**Exercise prompt**
Please repeat each line below exactly, with no images in the copy.

**Data segment**
* * * * *

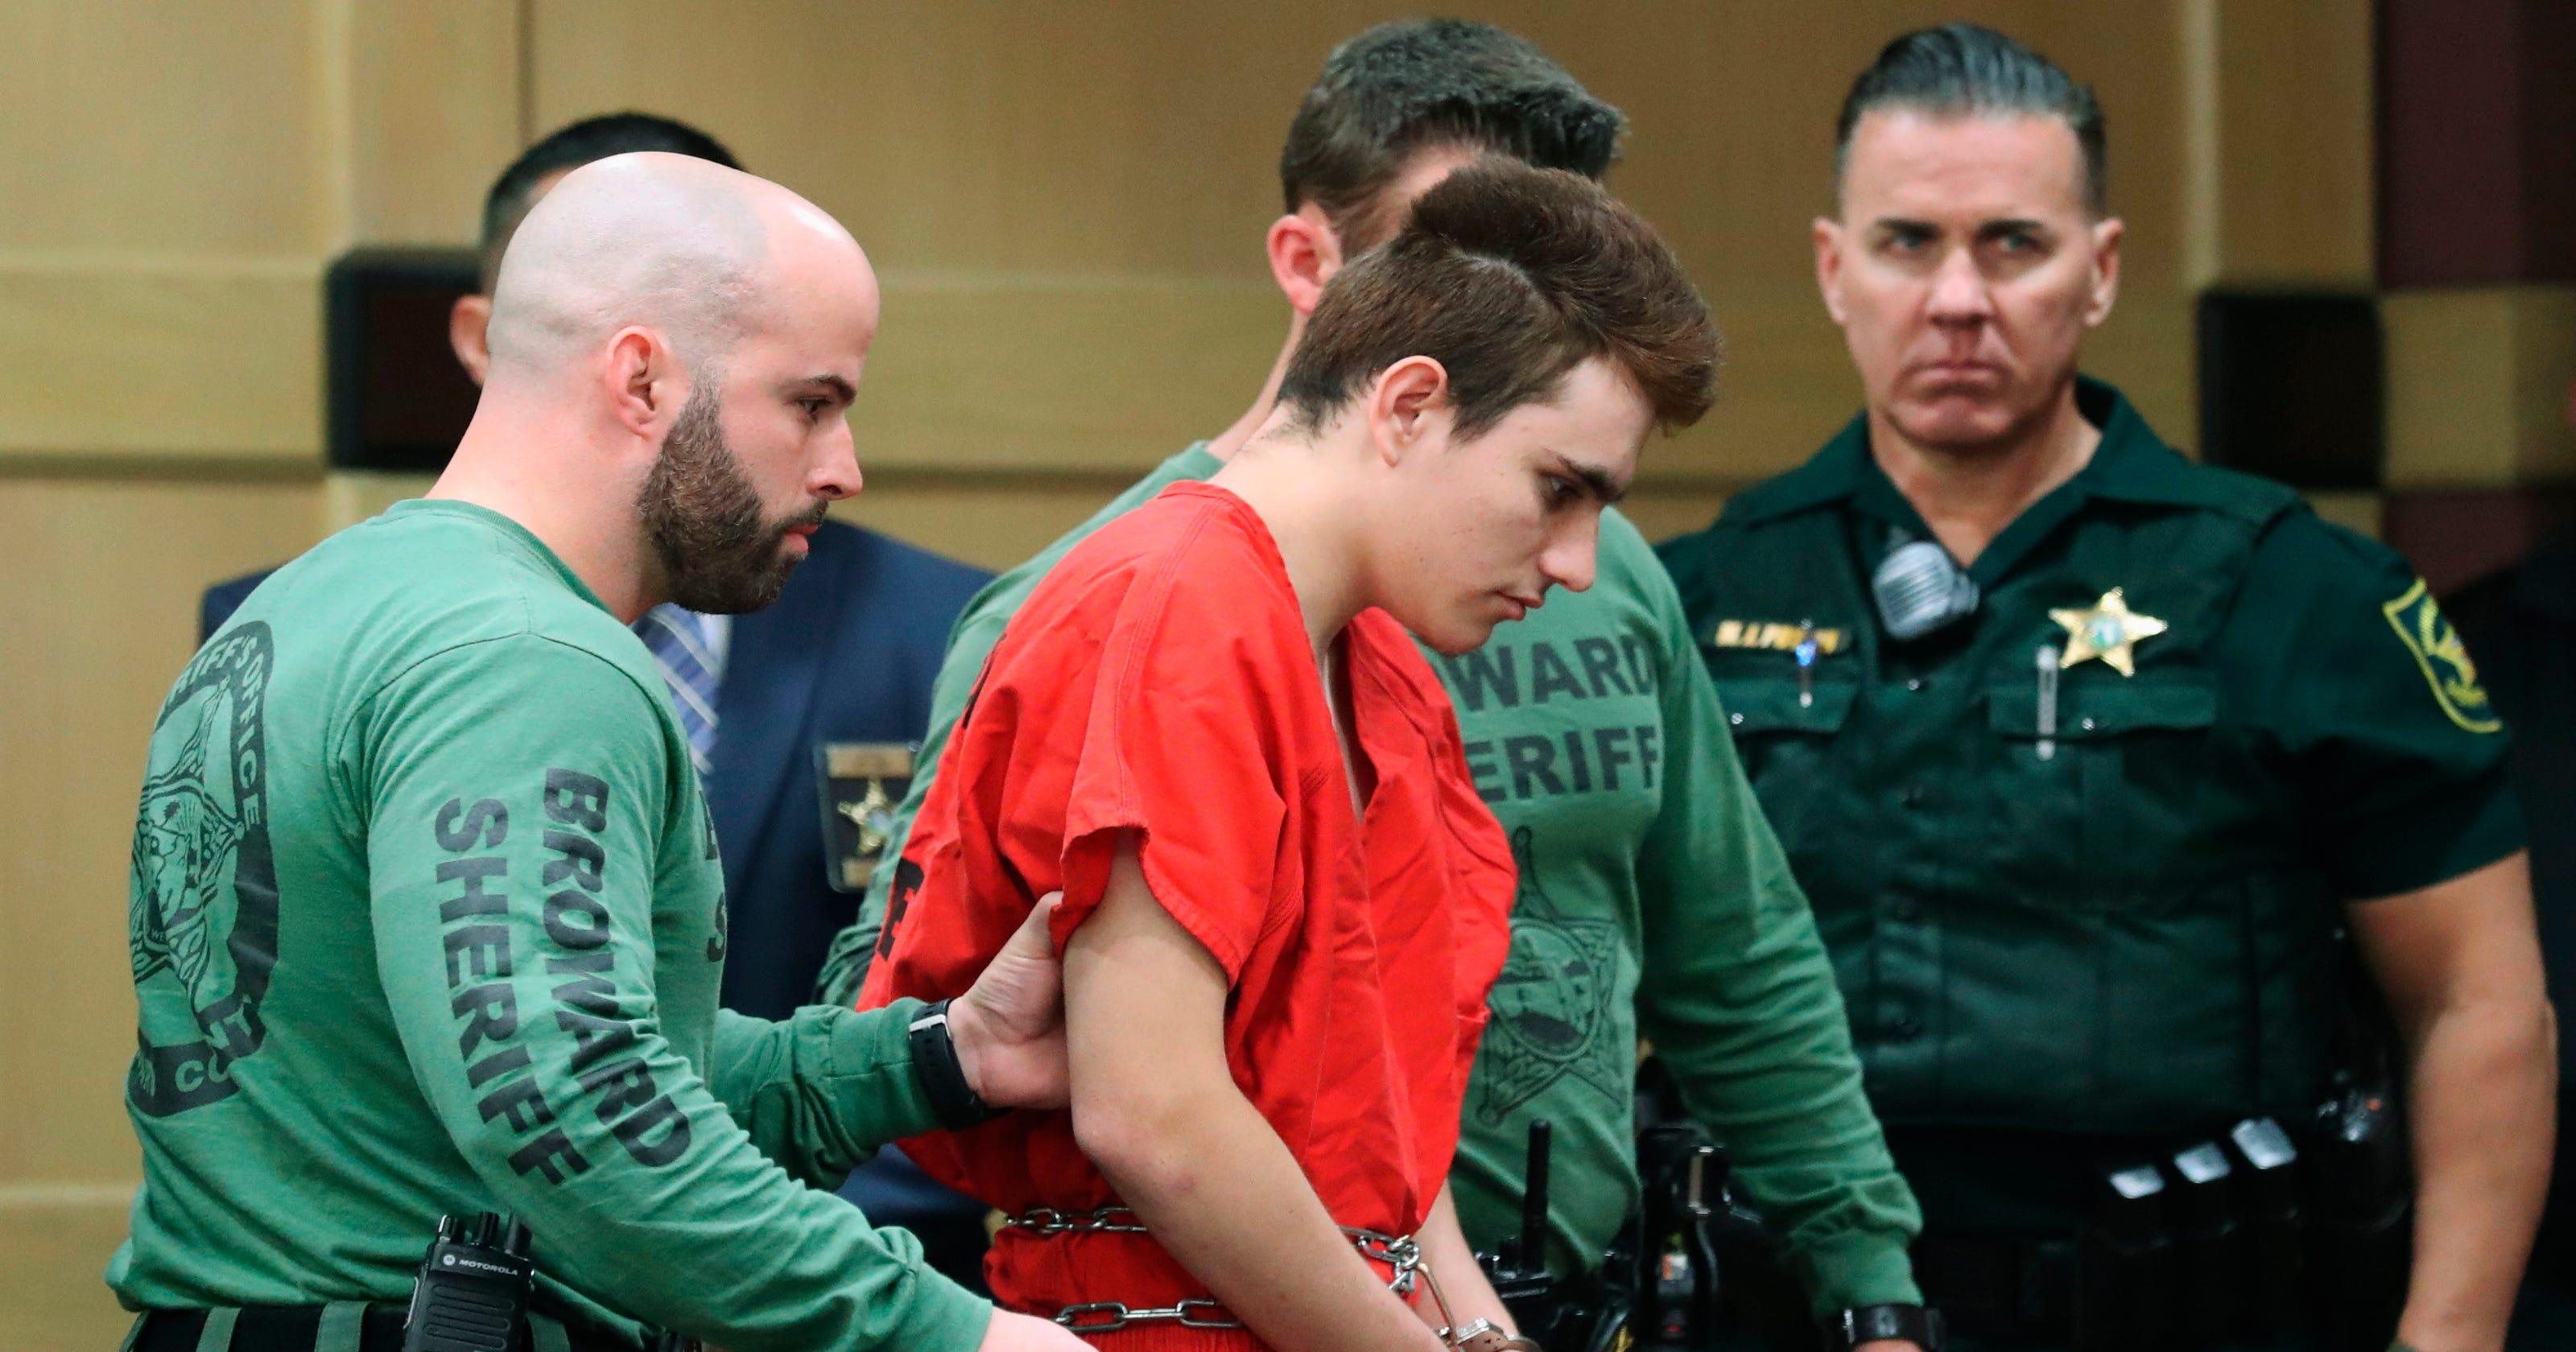 Timeline: Case against Nikolas Cruz in Florida mass school shooting
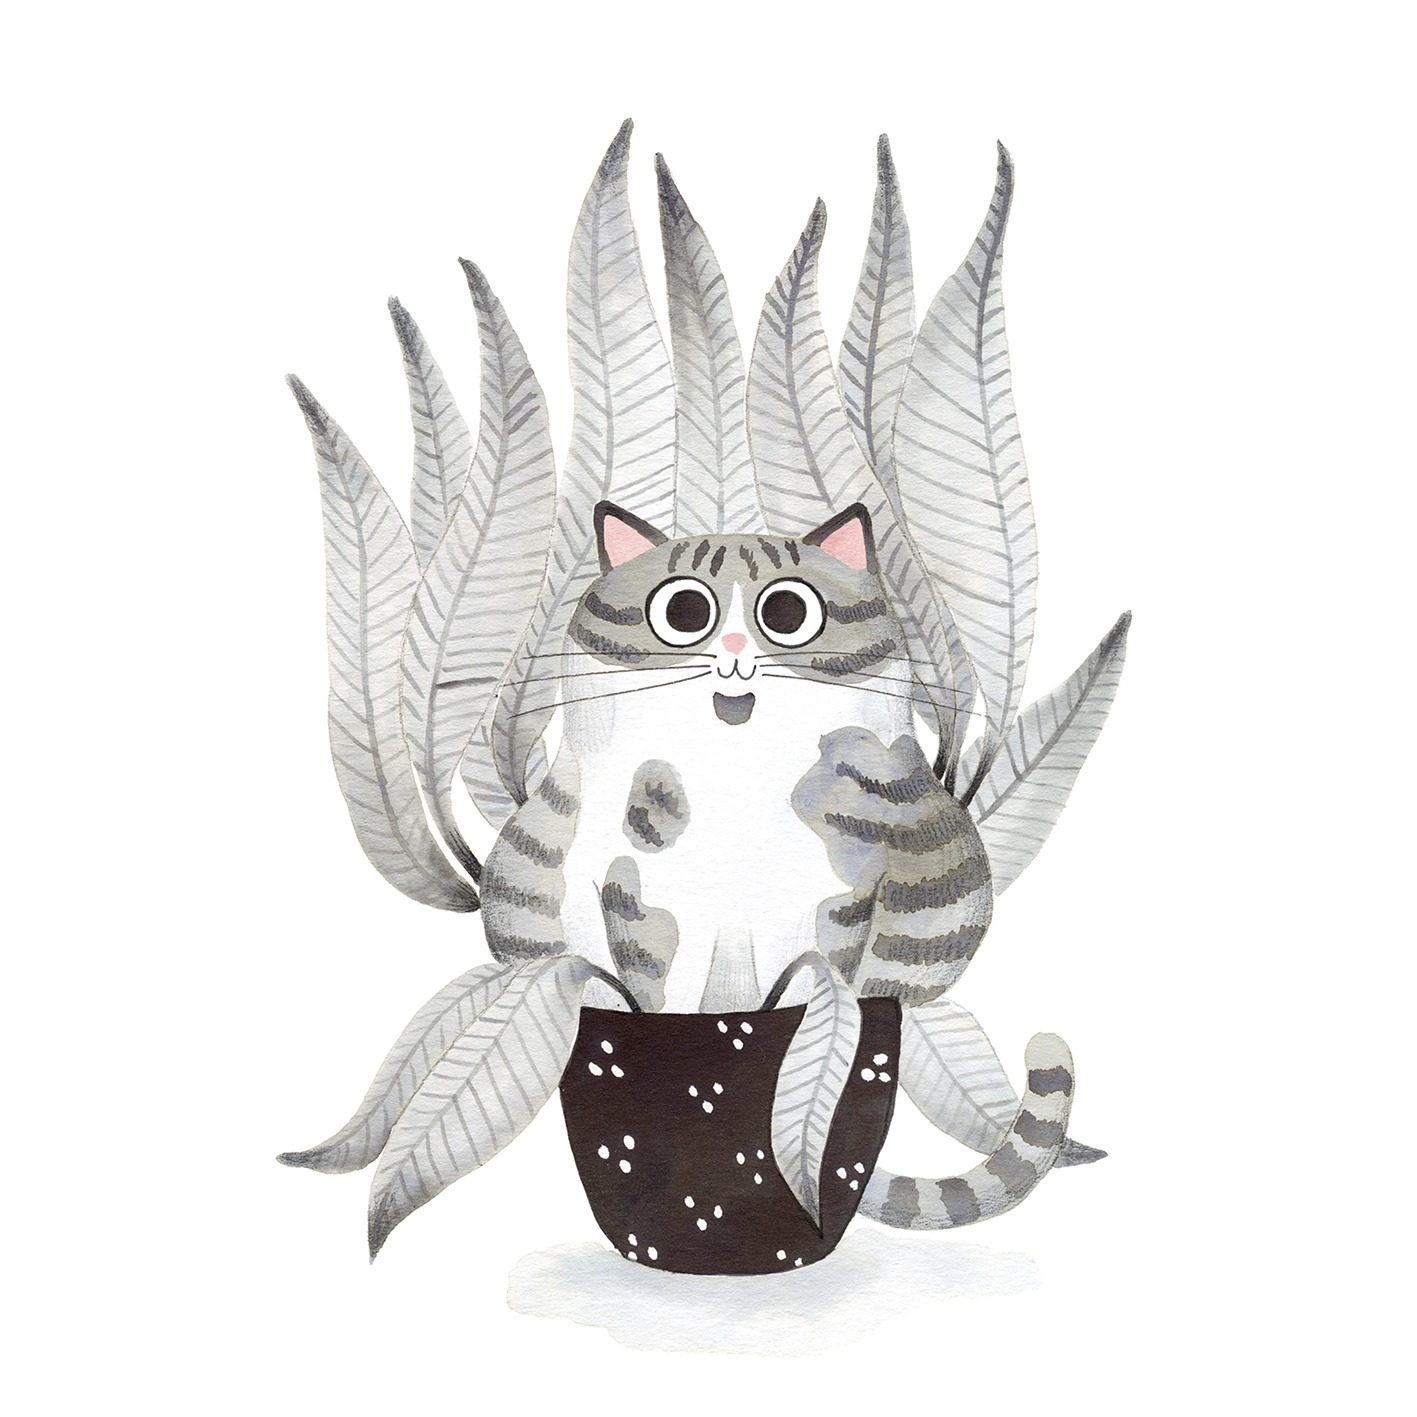 Ilustración de gato, Inktober, gato dentro de planta, retrato de gato
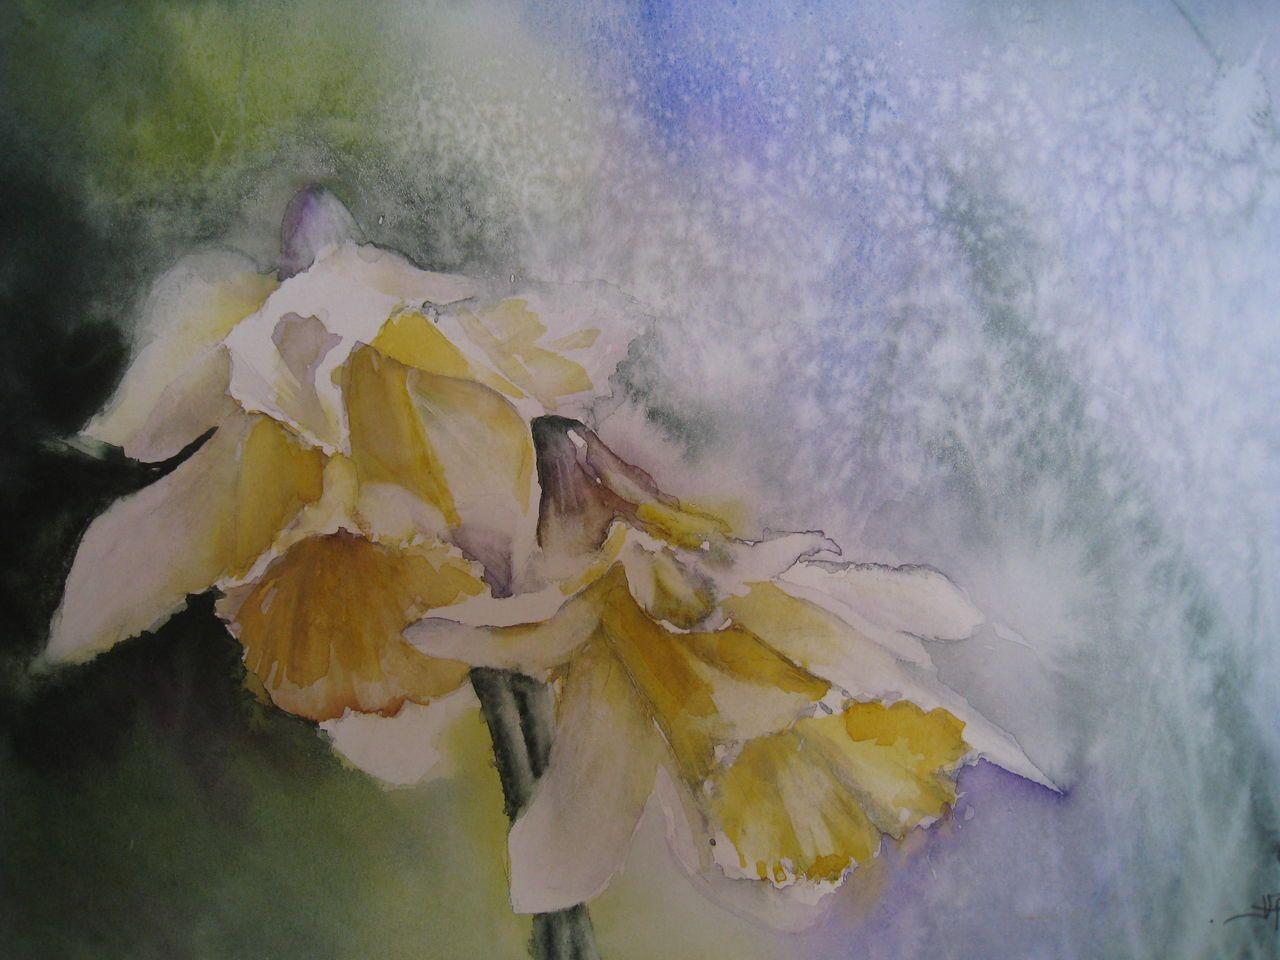 50x50 Aquarelles Aquareldrawing Watercolour Watercolor Art
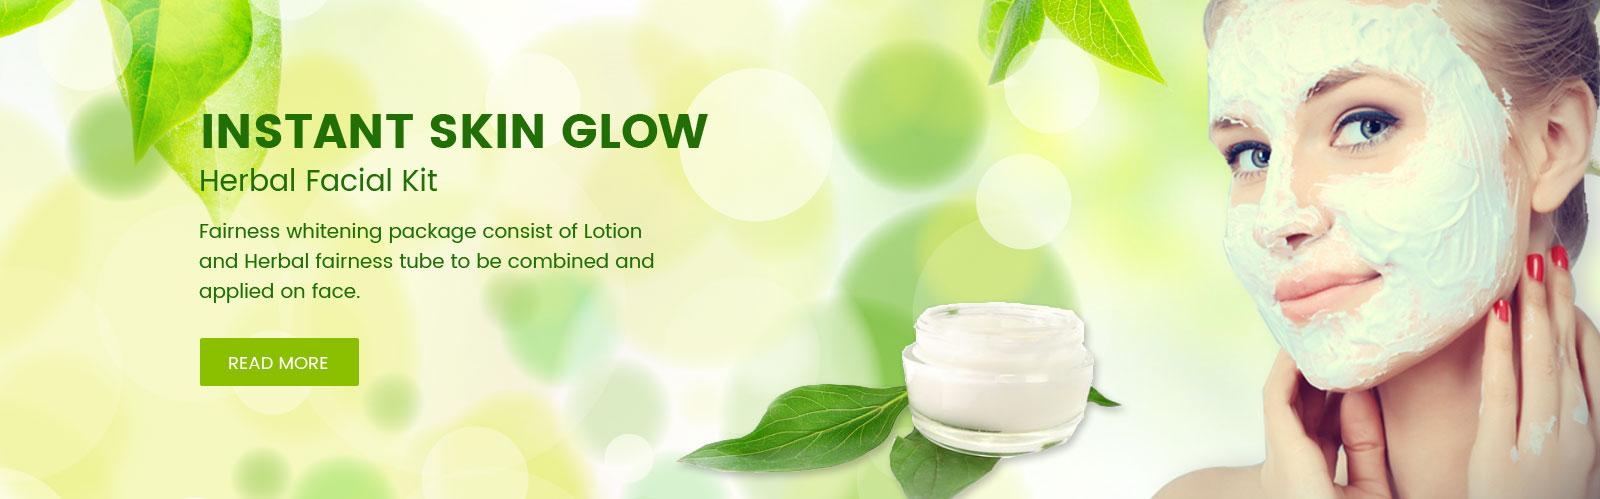 Instant Skin Glow Herbal Facial Kit

* * * * *

**Task output**
 Timeline: Case against Nikolas Cruz in Florida mass school shooting
 Ilustración de gato, Inktober, gato dentro de planta, retrato de gato
 50x50 Aquarelles Aquareldrawing Watercolour Watercolor Art
 Instant Skin Glow Herbal Facial Kit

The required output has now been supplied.